Work instruction: Every line of the data below should be repeated exactly, and no picture should be copied.

Recorded data:
/---

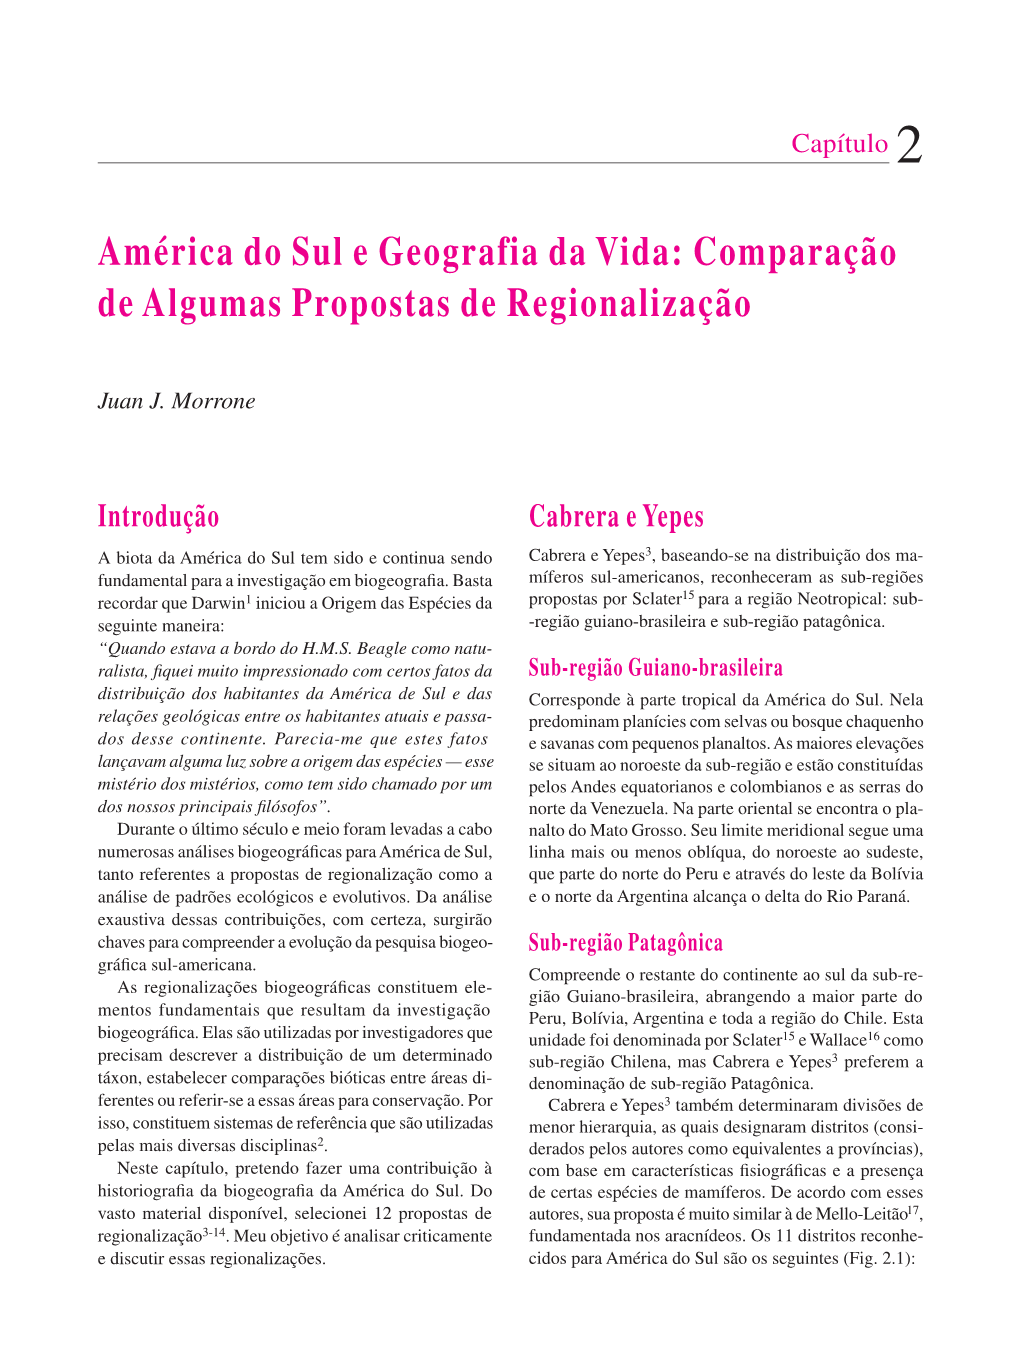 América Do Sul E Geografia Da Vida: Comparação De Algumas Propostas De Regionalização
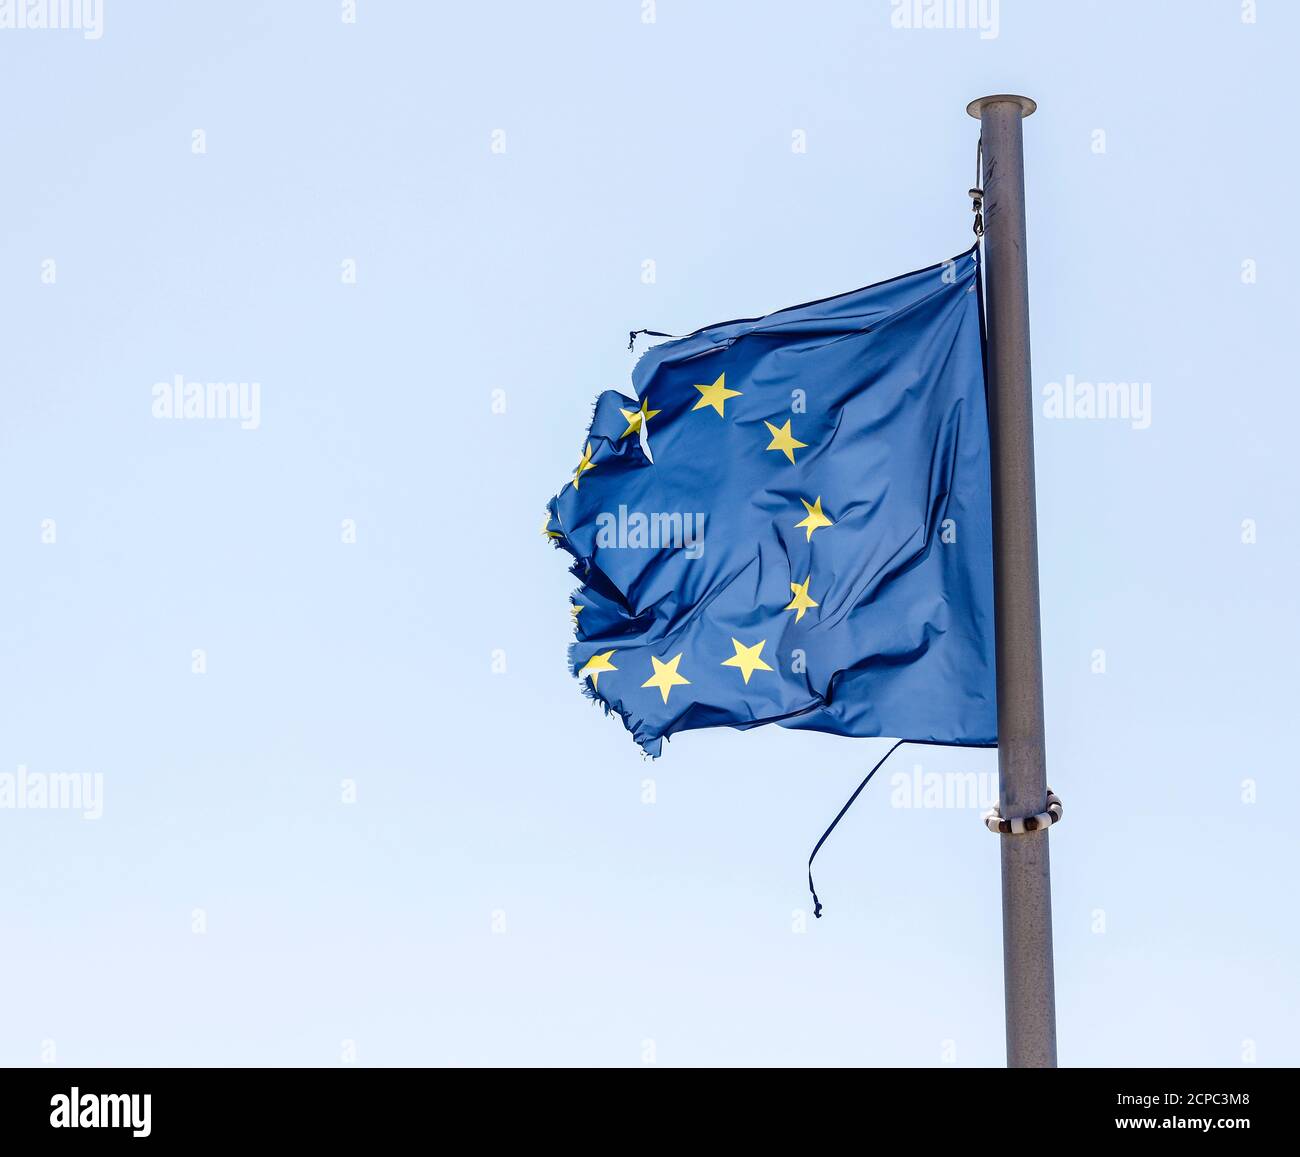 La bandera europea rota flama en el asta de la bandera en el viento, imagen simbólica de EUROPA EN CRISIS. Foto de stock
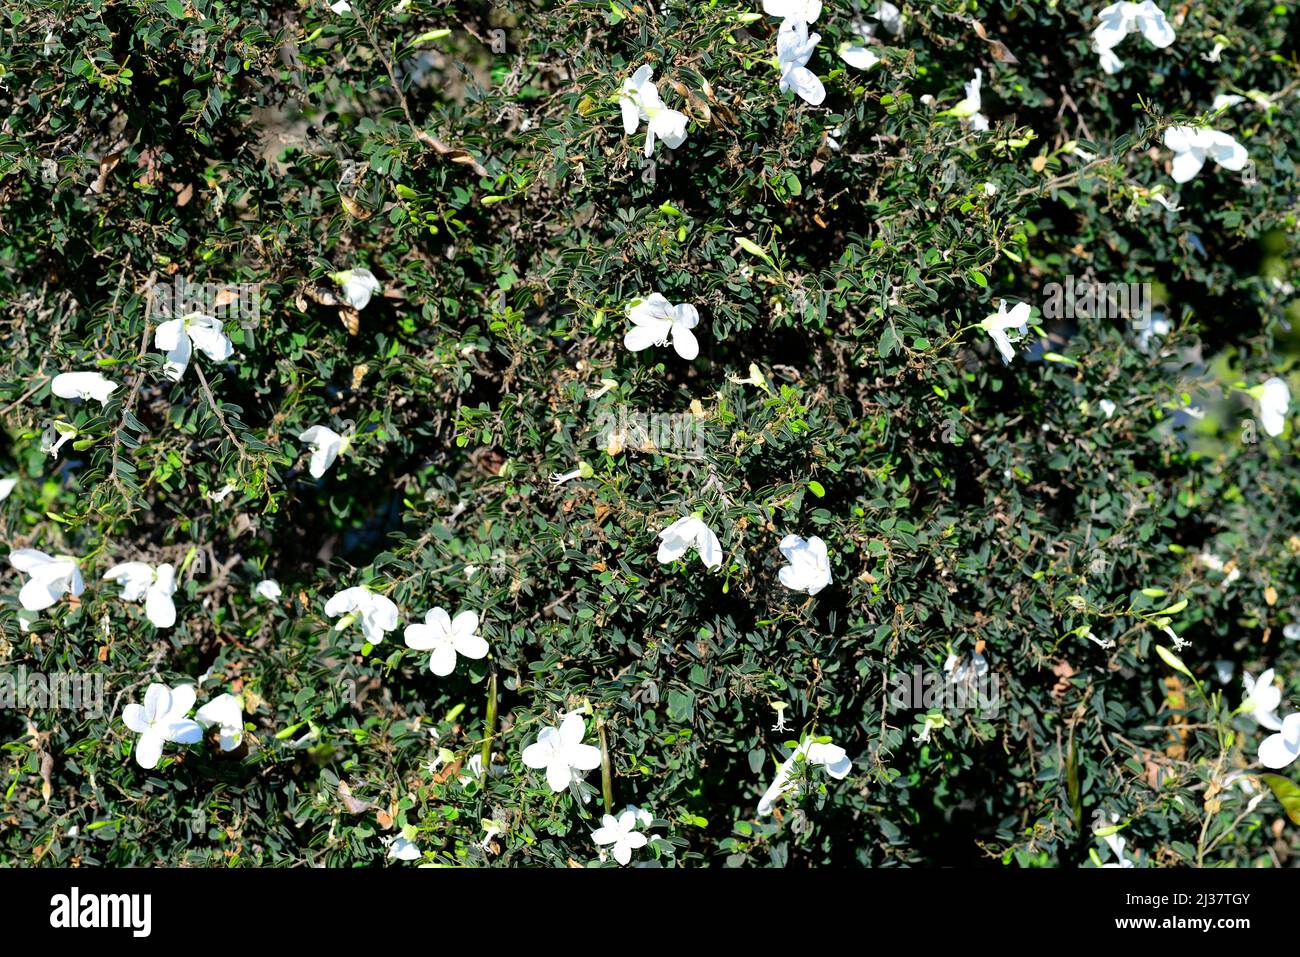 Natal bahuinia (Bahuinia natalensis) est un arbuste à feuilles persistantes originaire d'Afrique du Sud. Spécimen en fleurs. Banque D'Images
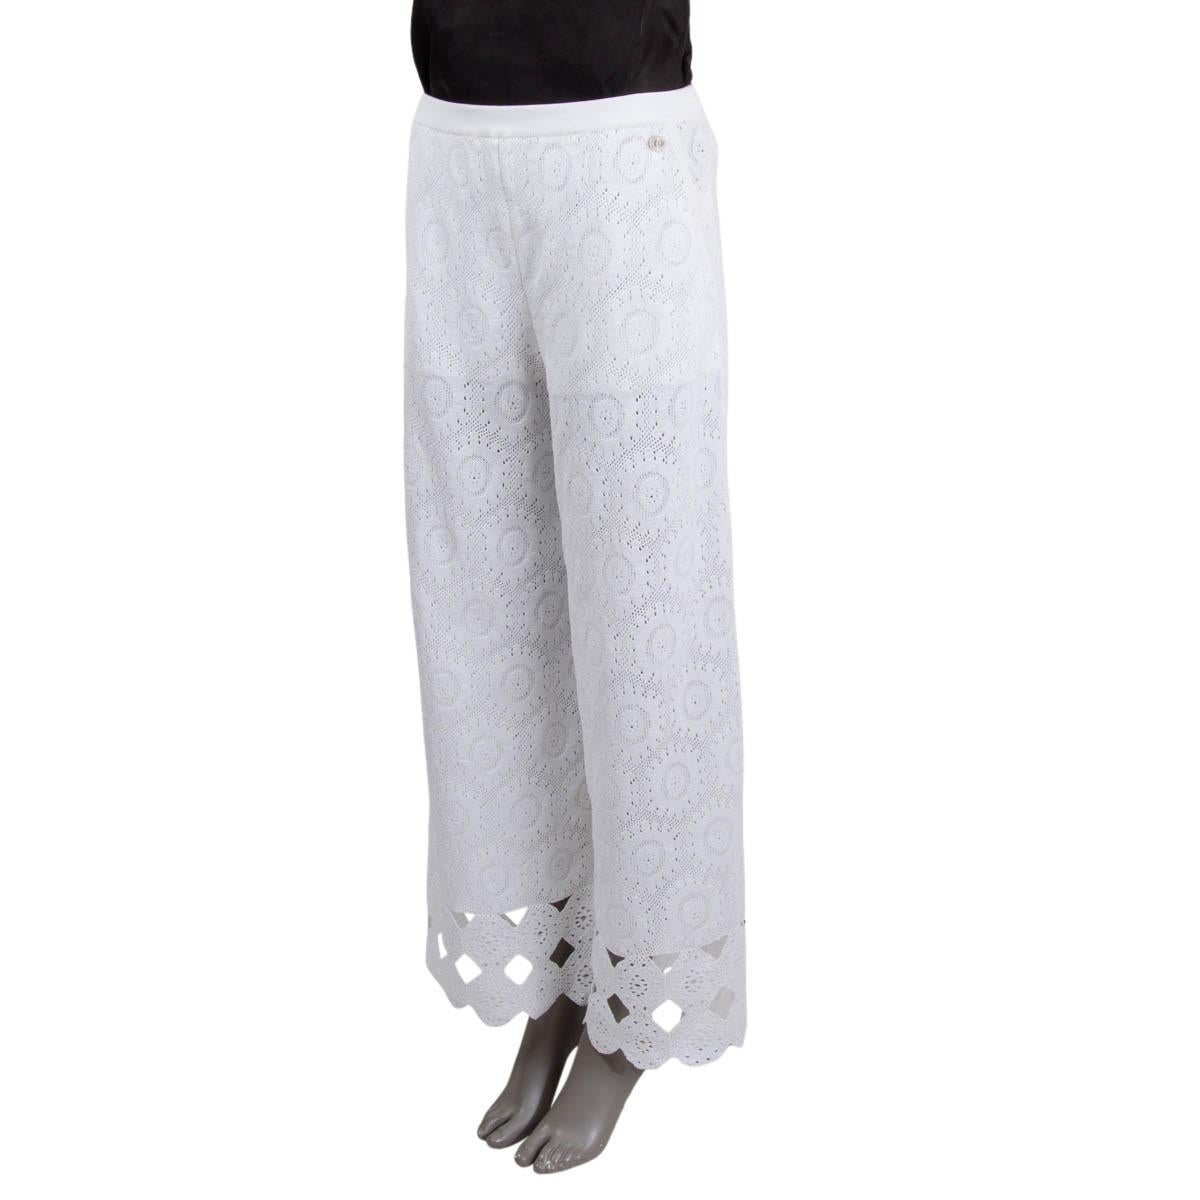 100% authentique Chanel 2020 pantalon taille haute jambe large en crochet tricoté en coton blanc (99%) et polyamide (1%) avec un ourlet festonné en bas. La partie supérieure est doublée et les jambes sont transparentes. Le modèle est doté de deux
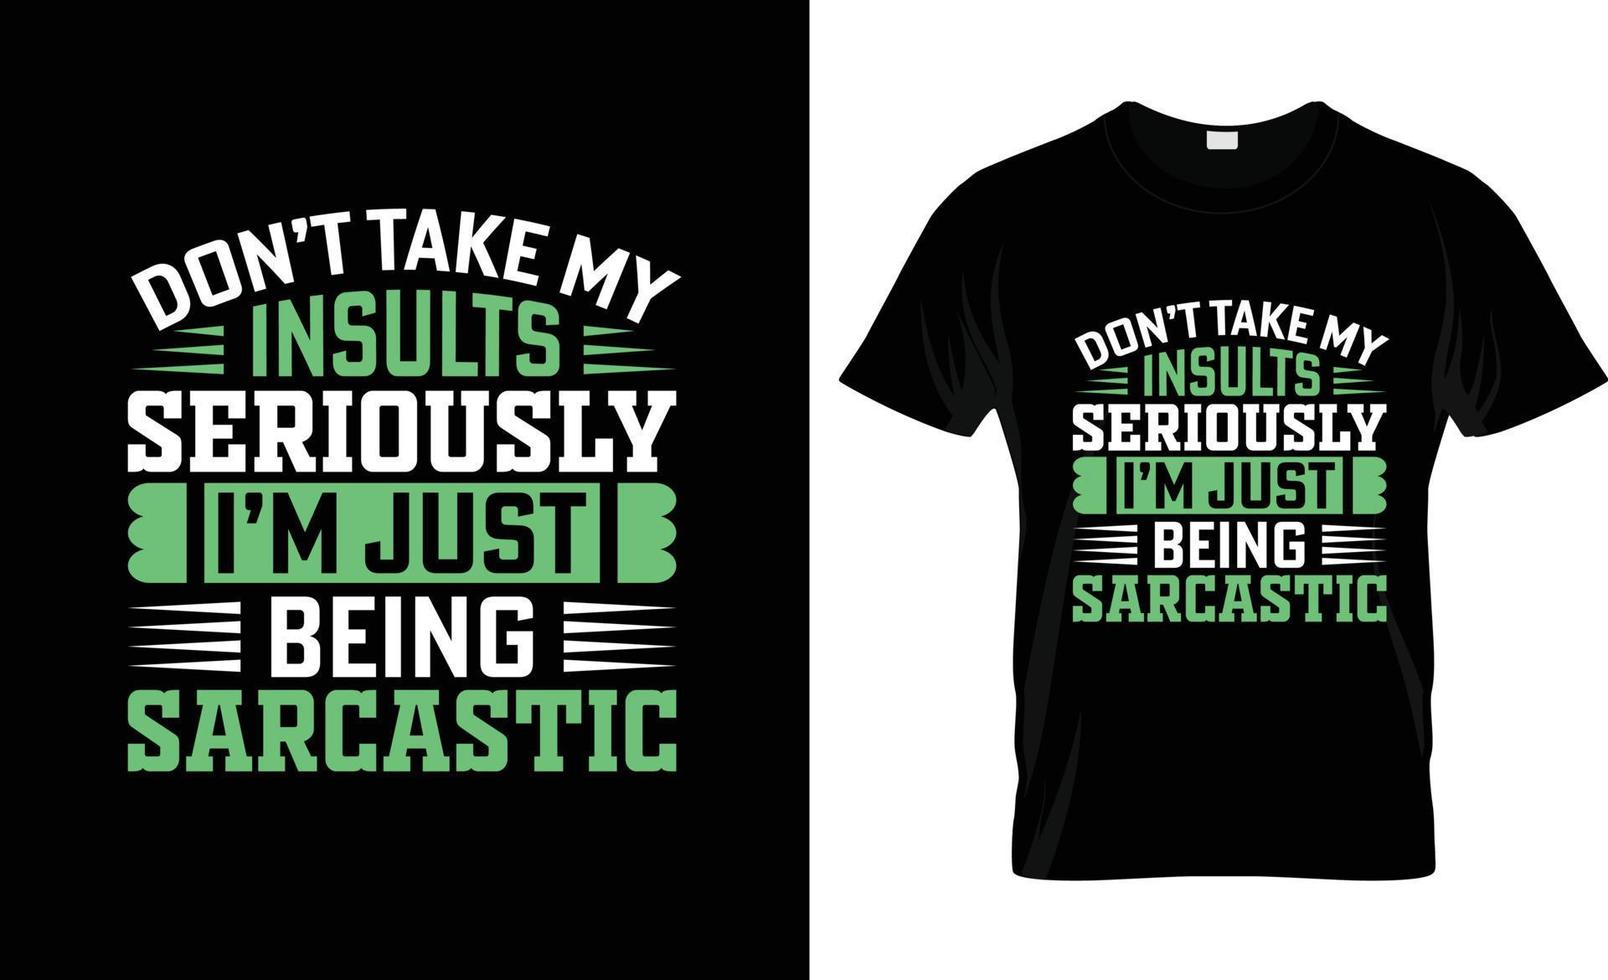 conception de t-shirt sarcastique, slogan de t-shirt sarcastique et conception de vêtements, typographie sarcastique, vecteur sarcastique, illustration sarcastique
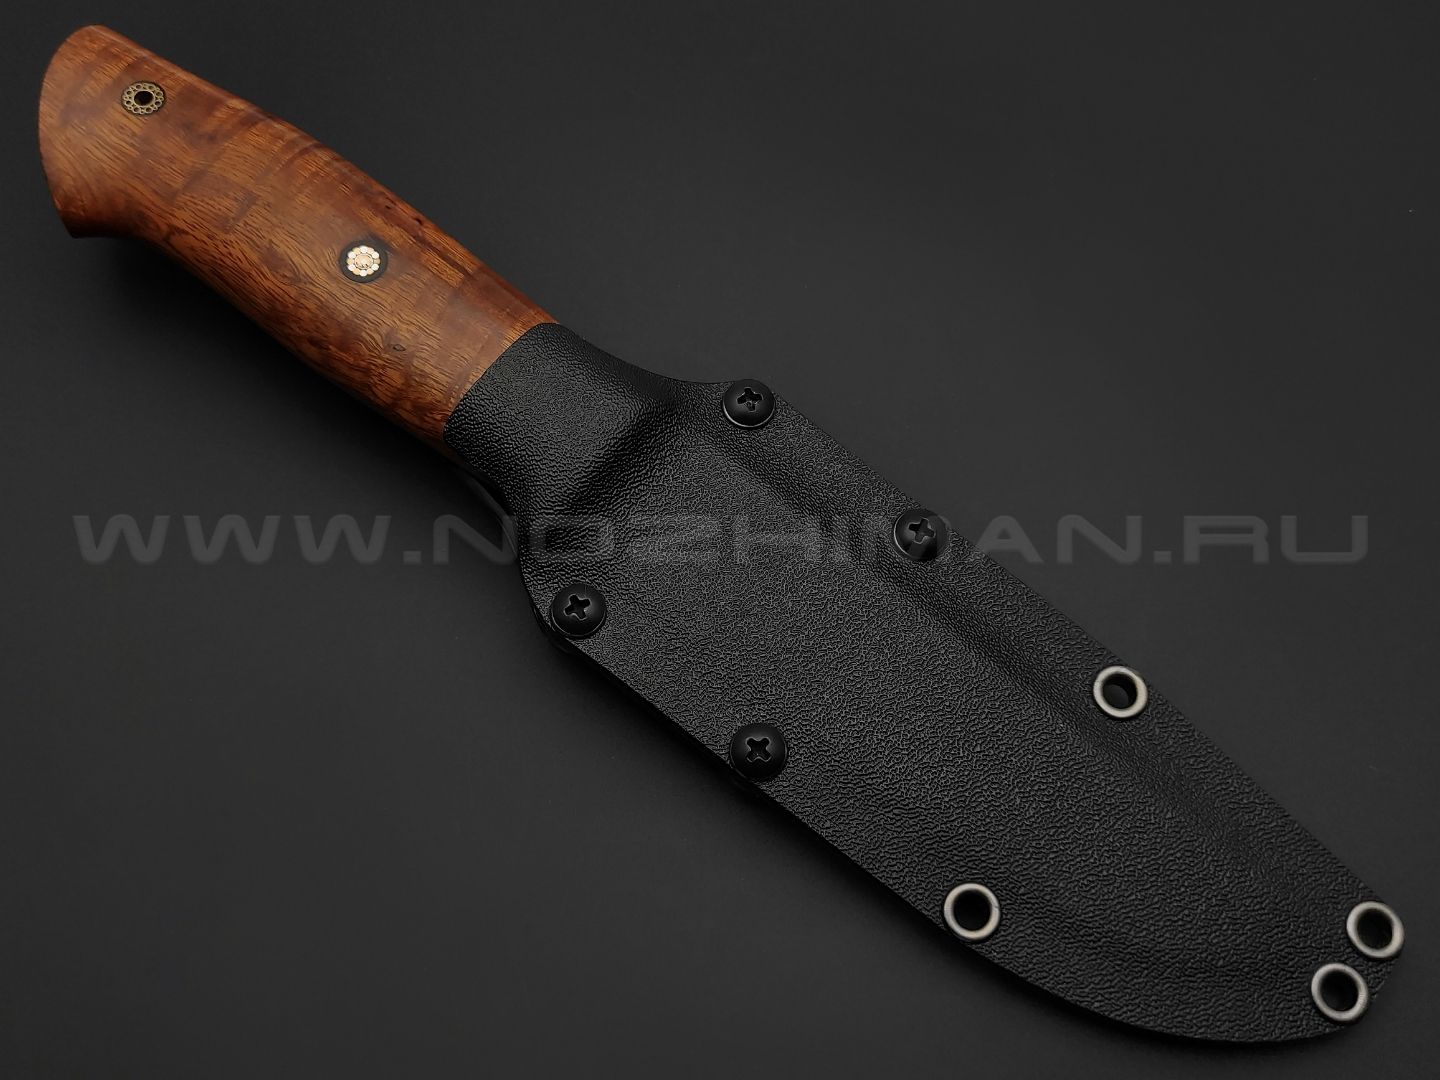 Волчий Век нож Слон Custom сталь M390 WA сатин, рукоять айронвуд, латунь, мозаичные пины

\---

Answer to the problem:
 América Do Sul E Geografia Da Vida: Comparação De Algumas Propostas De Regionalização
 La bandera europea rota flama en el asta de la bandera en el viento, imagen simbólica de EUROPA EN CRISIS. Foto de stock
 Natal bahuinia (Bahuinia natalensis) est un arbuste à feuilles persistantes originaire d'Afrique du Sud. Spécimen en fleurs. Banque D'Images
 100% authentique Chanel 2020 pantalon taille haute jambe large en crochet tricoté en coton blanc (99%) et polyamide (1%) avec un ourlet festonné en bas. La partie supérieure est doublée et les jambes sont transparentes. Le modèle est doté de deux
 conception de t-shirt sarcastique, slogan de t-shirt sarcastique et conception de vêtements, typographie sarcastique, vecteur sarcastique, illustration sarcastique
 Волчий Век нож Слон Custom сталь M390 WA сатин, рукоять айронвуд, латунь, мозаичные пины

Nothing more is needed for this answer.